Those who say “That’s life” should understand that there is nothing natural about a system that kills the spirit of large numbers of people by first putting them in a position where they need opportunity, then promising them virtually unlimited opportunity and finally making them losers. Jeff Schmidt. Disciplined Minds (Kindle Locations 3045-3047).
One of the best parts of Jeff Schmidt’s analysis of graduate school he borrows from Erving Goffman who in 1951 published an article about con men, and how they get their mark to go away by blaming themselves. What happens is this. A con man gets a mark to make a “pretend” bet on a fixed card game. The mark agrees, only because it is “just for fun,” and puts down $60. A group watches. The mark of course loses the “pretend bet” at which point the con man says that he has now won the $60. Someone in the audience agrees that the con man has won fair and square. A heated argument ensues with the observers, and the con man finally agrees to return $20, which those in the crowd agree is fair. The mark walks away $40 poorer, and perhaps even feels a bit of triumph at getting $20 back. Most importantly he does not even consider going to the police, because he has been “cooled out” by the process of he con. The con man and his confederates from the crowd of course split the $40.
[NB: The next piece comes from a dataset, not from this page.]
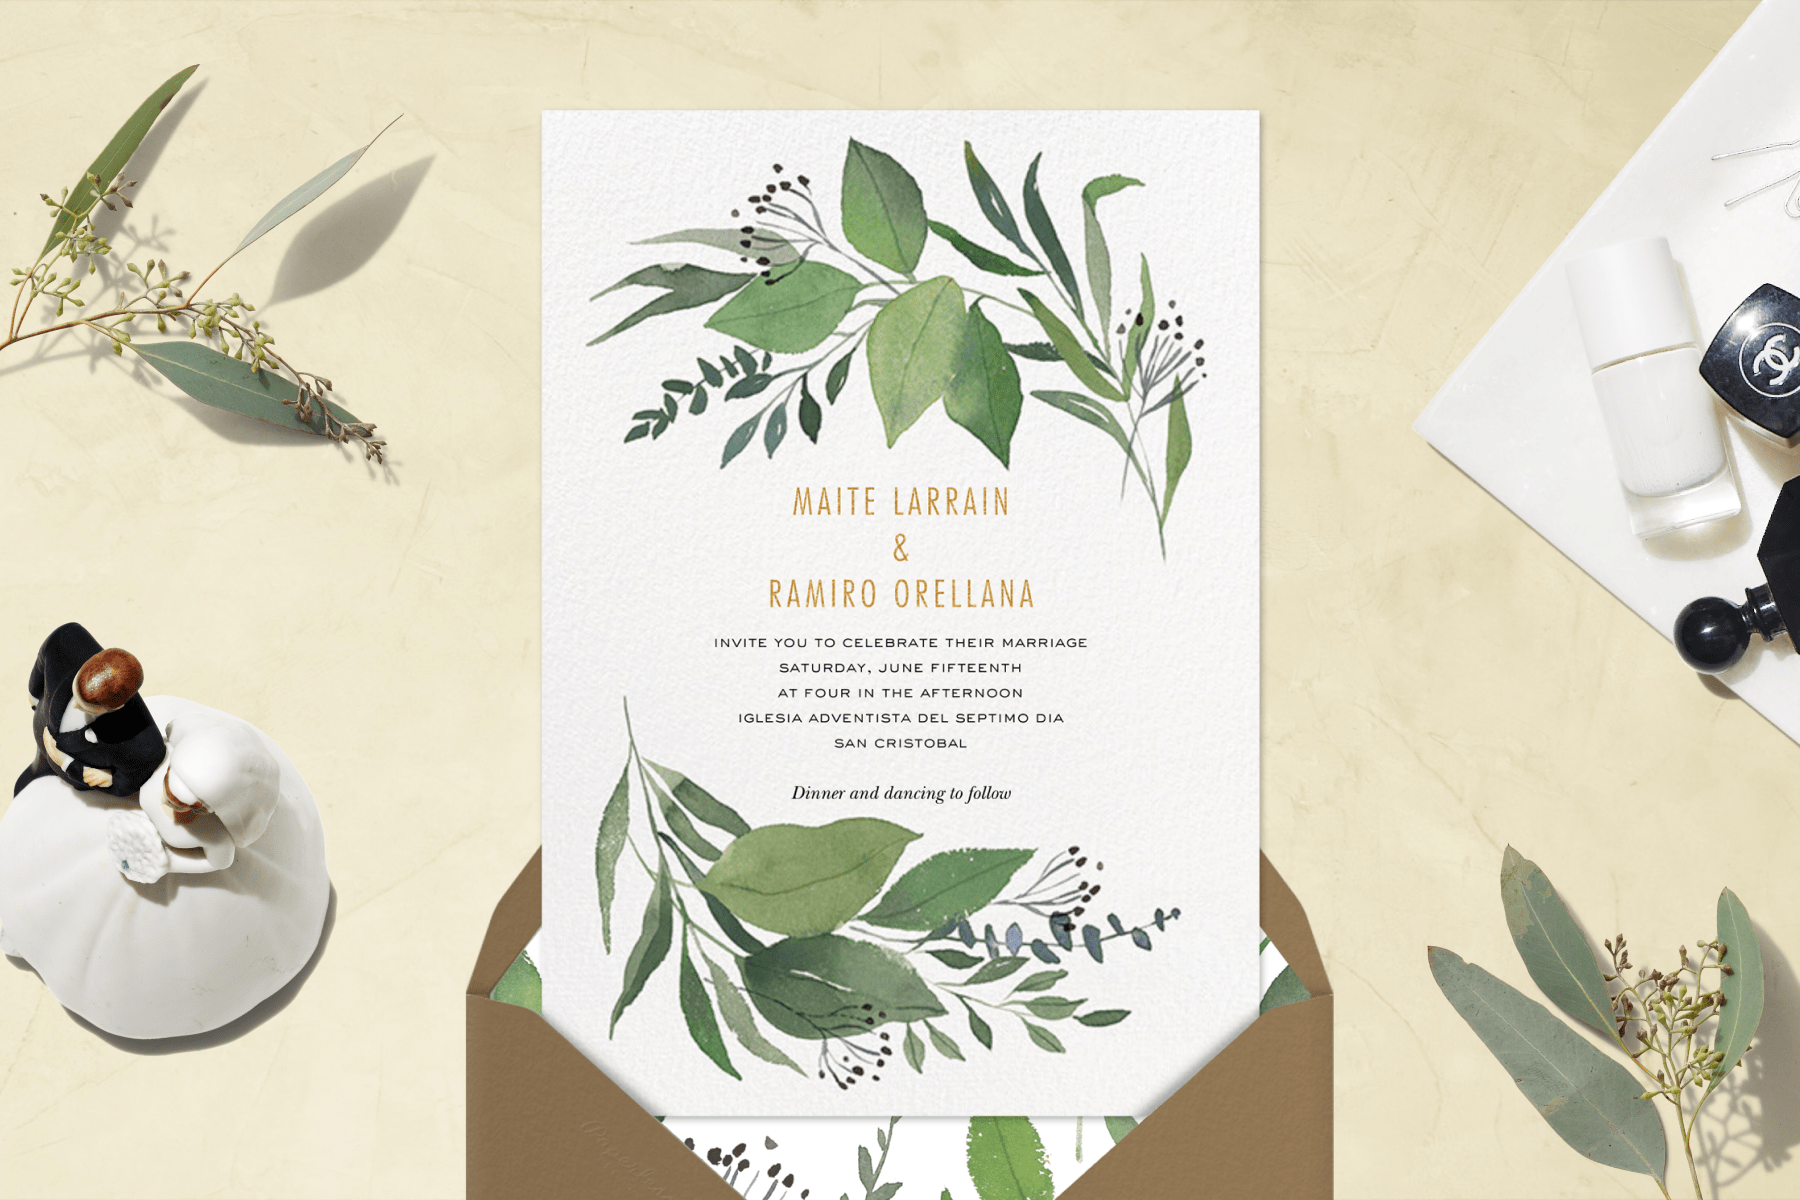 Print Your Own Invitations - Tips and Tricks How to Print Invitations

But Schmidt is not writing about card games, he is writing about graduate school in general, and the qualifying exam in particular. He is looking at PhD programs which graduate 30 or 40 students for every 100 students admitted to the program, and asking how it is that the system gets those 60 or 70 to leave quietly, blaming themselves for their own personal “failure.” “I was just not meant to be a sociologist or anthropologist they tell themselves, and their family.” But is it really a personal failure when a 60-7)5 failure rate is engineered into a system?
So what does “cooling out” have to do with PhD. programs? Schmidt says the qualifying exam system works the same way as the con game, and solves the problem of too many disgruntled “marks” walking away blaming the system. The grad school con game is conducted, Schmidt says, at the level of the qualifying exam, a year or two into most PhD programs. The exam is a torture administered across several days, in which you write, and write, and write what you think an anonymous committee of professors wants you to write. Notably, you don’t write what you want to write about your discipline, or propose new solutions to old problems. Rather you try to tell the committee what they want to hear; the implicit question is, is the candidate aligned with what has happened in the department/discipline before, and are they ready to support that status quo. The exam is then “graded,” which means you pass or you don’t, without any explanation—it is all secret. In other words the qualifying examination is the ultimate expression of power, where those who have the power judge you the graduate student without external accountability. It is strictly thumbs up or down. Schmidt actually was able to penetrate one of the committees “grading” the tests, and found out that there was indeed favoritism played in how the exams were scored—personal relationships mattered as what was written. To keep the recipients quiet, and the pyramid scheme going, PhD programs issue a “terminal Master’s degree” for your troubles, after having derailed the student from the golden track to a doctorate.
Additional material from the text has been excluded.